Hacker News new | ask | show | jobs
by aninteger 583 days ago
> This library supports building with C++11. I haven't tried compiling it with an older standard, but I imagine it might work.

I believe it does require C++11, due to std::nullptr_t and r-value references (&&), but that might be it. It's not a show stopper though since everyone should have a c++11 compiler now (even Ubuntu 14.04 LTS, which still has paid support I believe).

> One thing I like about the C++11 compilers like GCC 4.9 is they build code magnificently faster than recent editions

Kind of reminds me of gcc 2.95 which people kept around for the compiler speed. They would use gcc 3.x for the warning support and then compile with gcc 2.95 after fixing the warnings :).

2 comments

Yes they'd be very trivial to remove locally. It might also be nice to have #ifdef statements around them like we're already doing for std::string_view. If we consider that many big name C projects like curl are still on C89 then there's surely got to be people still out there using 2000's era C++.
> It's not a show stopper though since everyone should have a c++11 compiler now (...)

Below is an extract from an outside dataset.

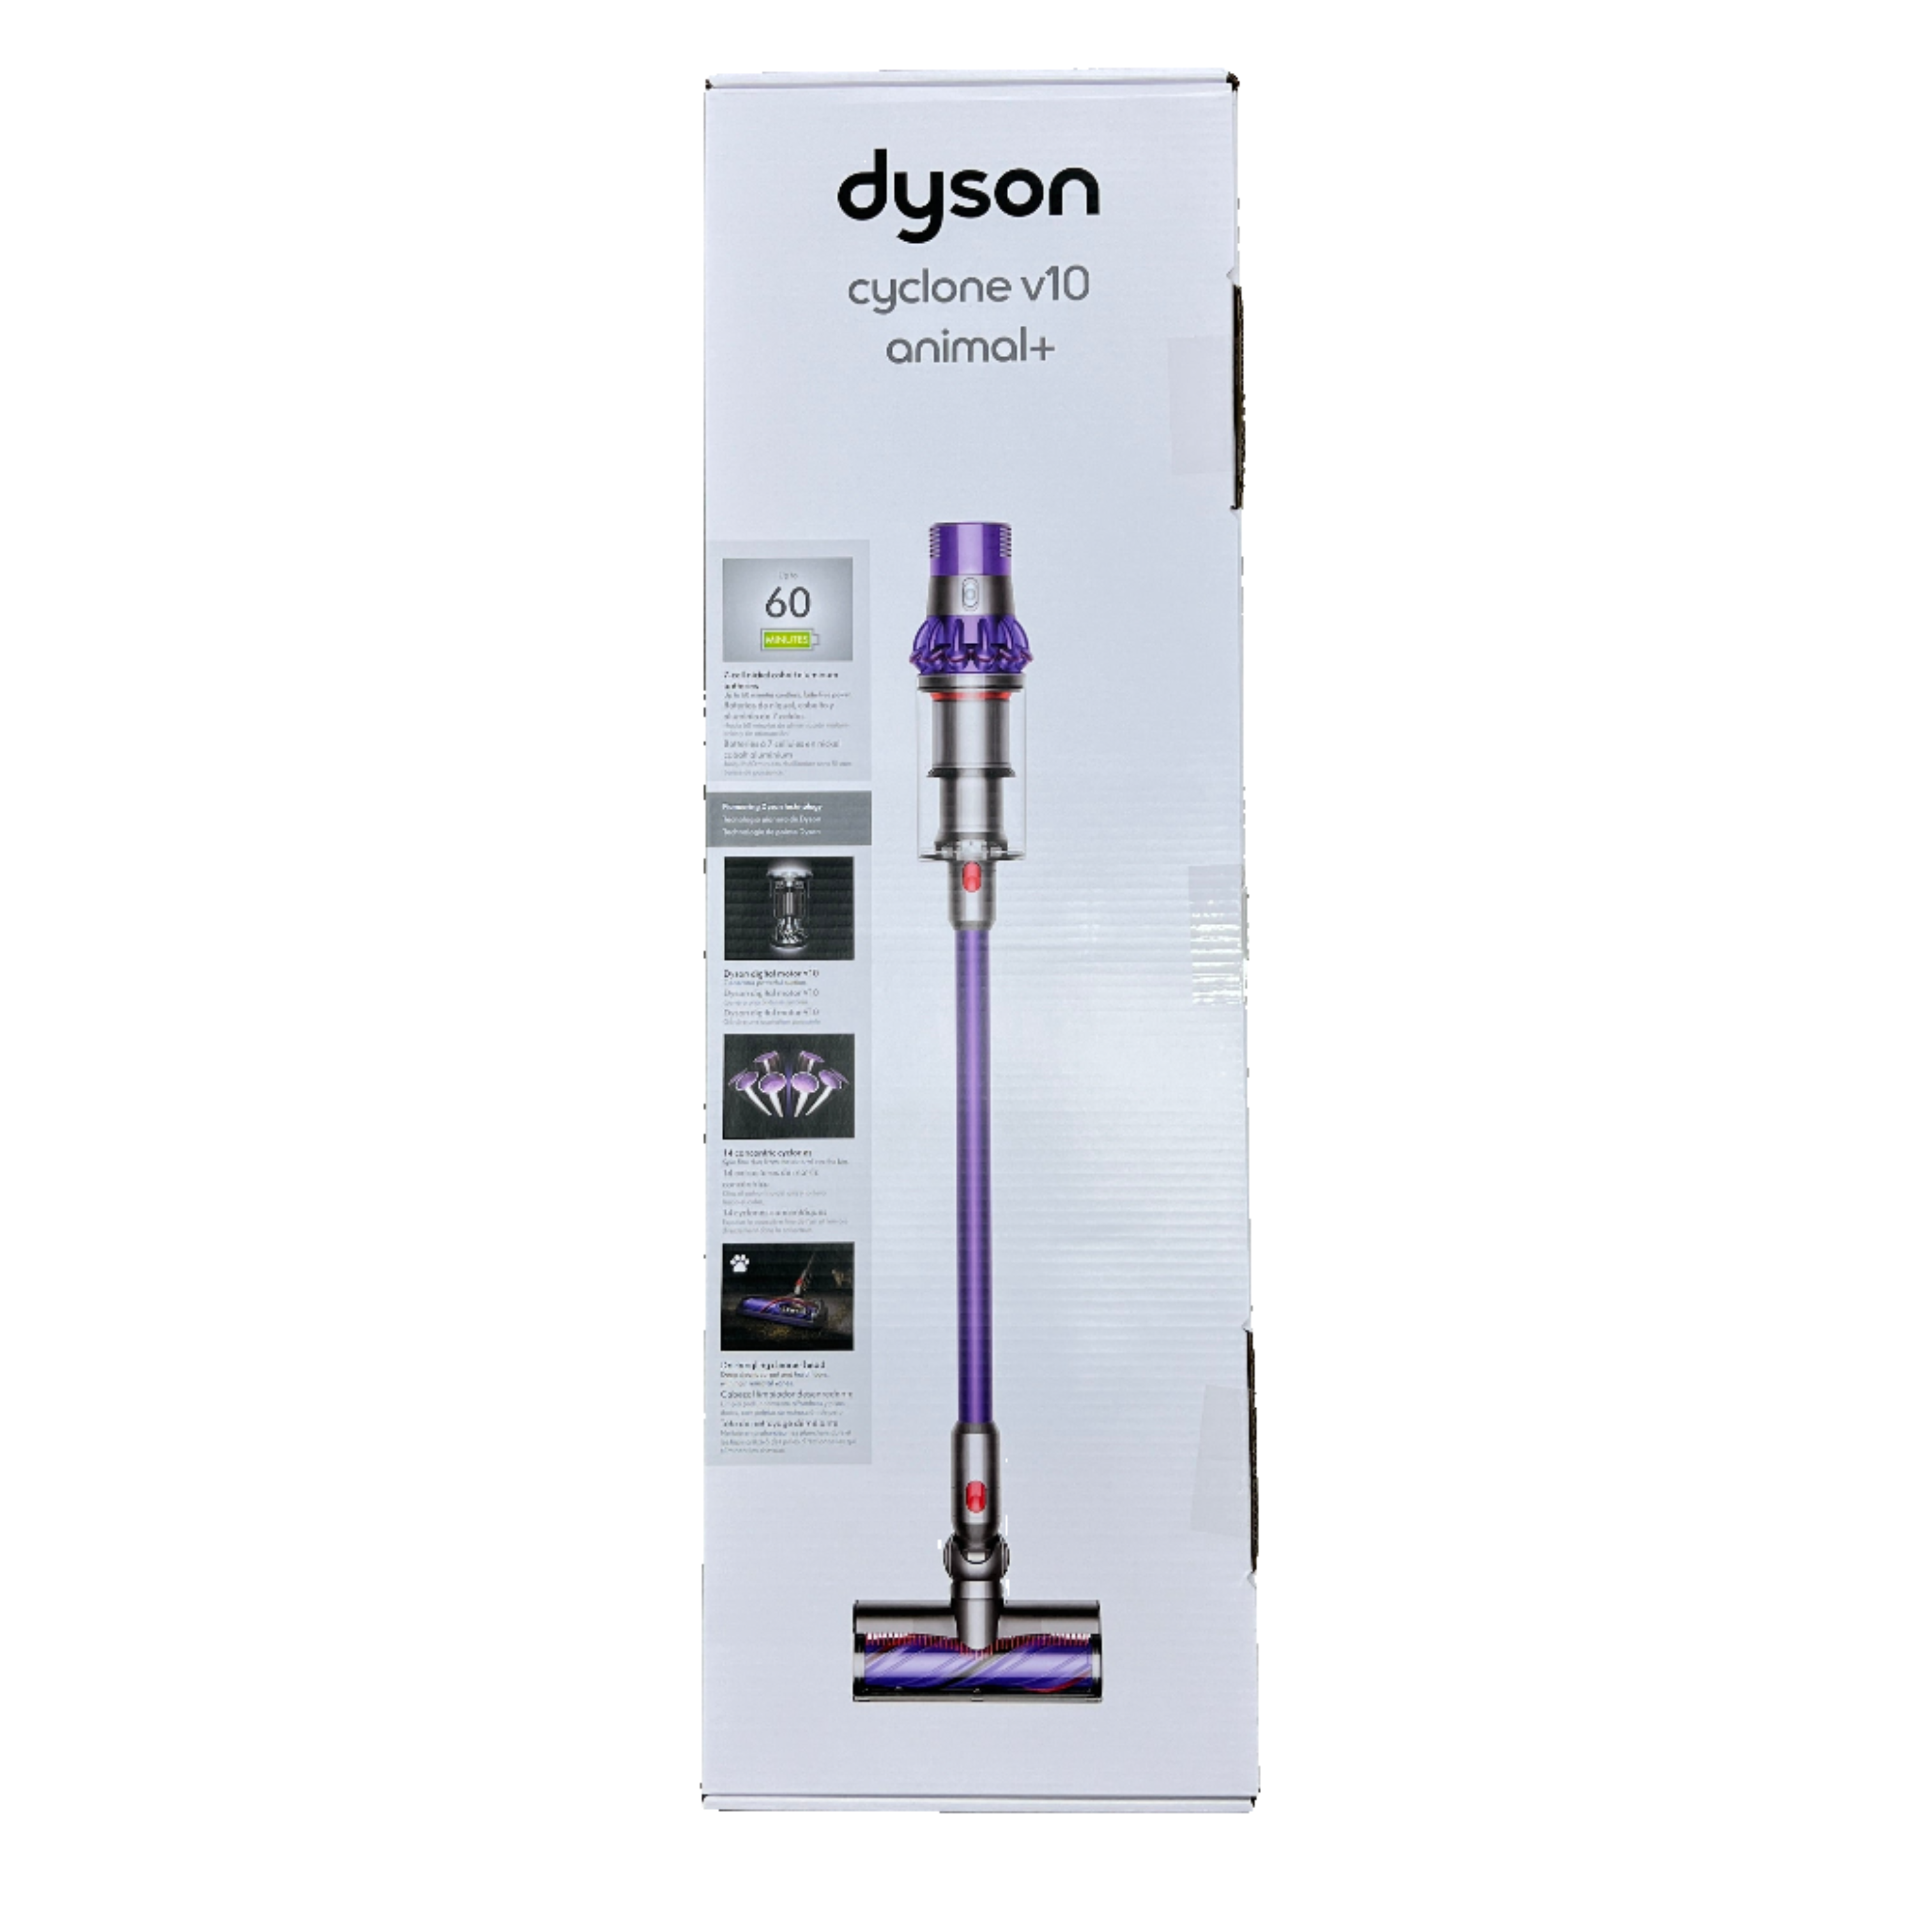 Dyson Vacuum "CYCLONE V10 ANIMAL+" New

I think the point of pointing out it's C++11 is that it's not "classic C++" as it's using "modern C++" features. Thus it's a mystery why it would be referred to as classic C++.

Just because I included an rvalue constructor doesn't make it C++11. This library was originally written in C. It hasn't changed a whole lot since Gautham and I originally wrote it: https://github.com/jart/cosmopolitan/blob/master/tool/net/lj... I feel perfectly comfortable calling C++11 "classic" or even "baroque" compared to what people are doing with C++ in 2024. However if you disagree with me, and feel that classic means C++03, then I've made certain that your preferences are supported by this library too. Just remove the rvalue and nullptr_t constructors. I'll probably add #ifdefs soon to automate that too.
> Just because I included an rvalue constructor doesn't make it C++11.

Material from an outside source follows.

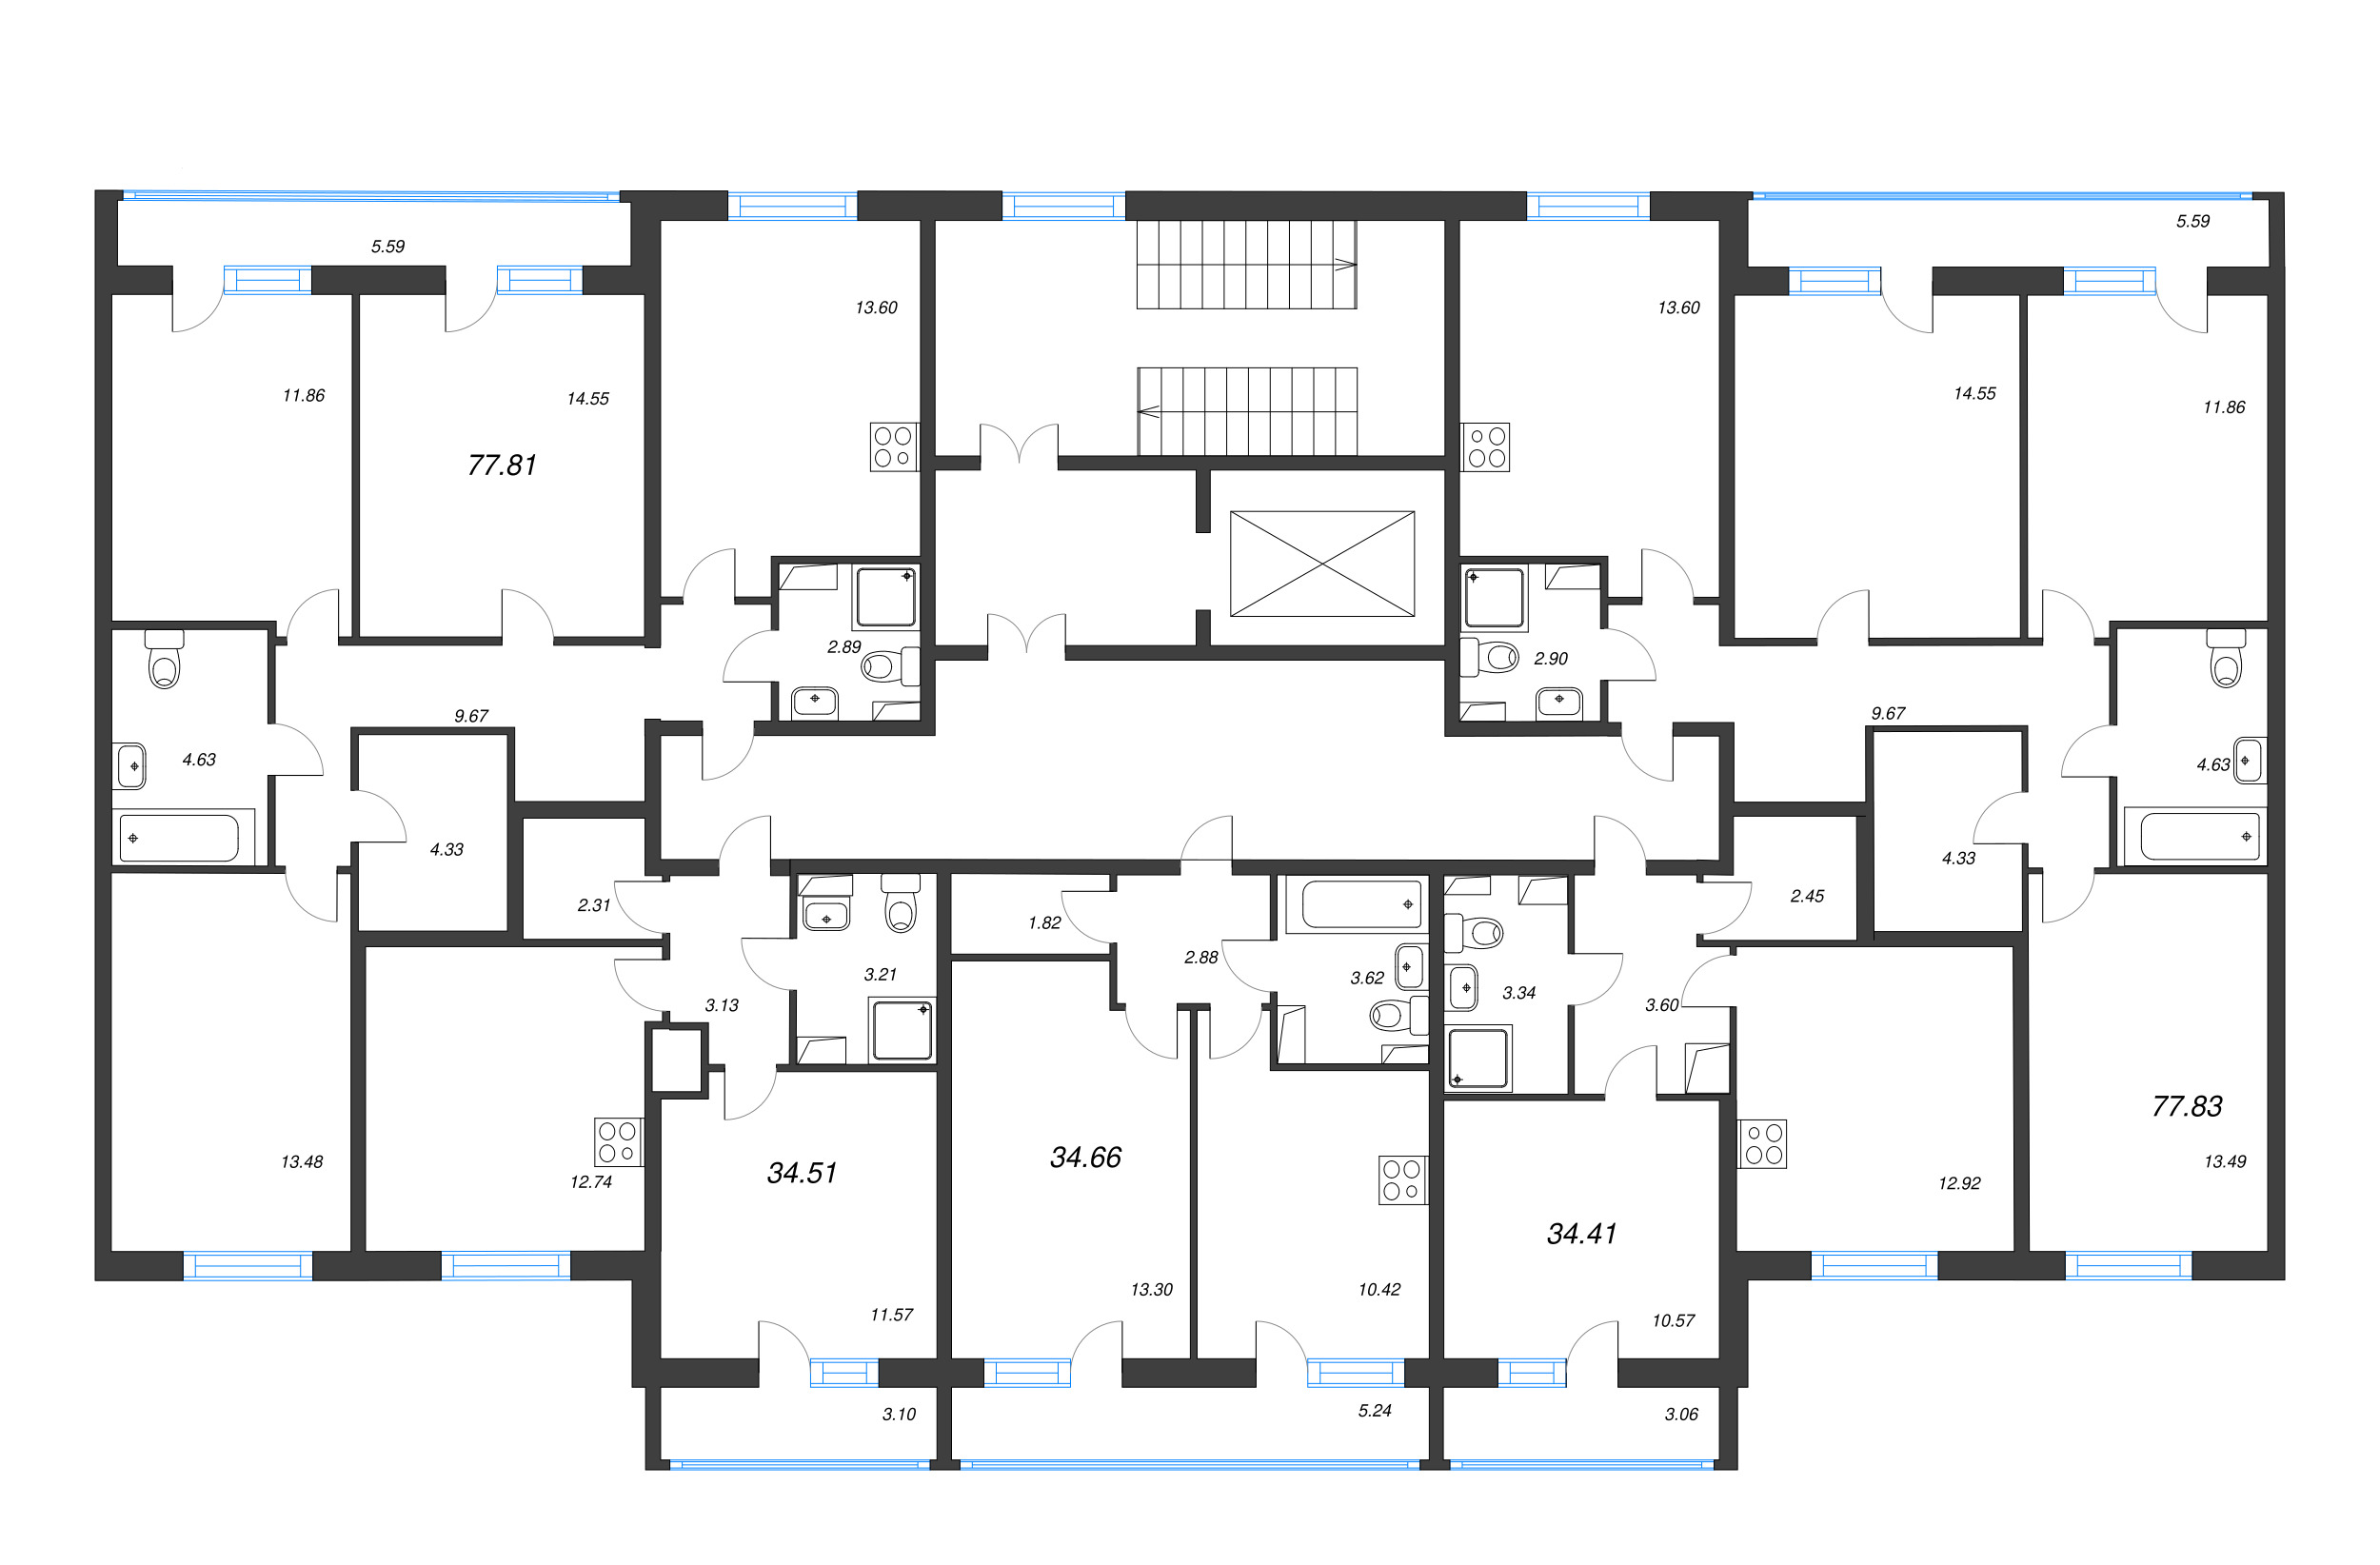 2-комнатная (Евро) квартира, 34.51 м² - планировка этажа

Actually, it does. I mean, does it compile when you pass -std=c++98?

> This library was originally written in C.

Doesn't matter. If it uses C++11 features, it's C++11.

> I feel perfectly comfortable calling C++11 "classic" or even "baroque" compared to what people are doing with C++ in 2024.

Irrelevant. You can go the Humpty Dumpty way as far as you want to go and call anything any way. It doesn't matter. If you use C++11 features, it's C++11. If it's C++11 then you're discussing modern C++. You don't need to use all bells and whistles to quality.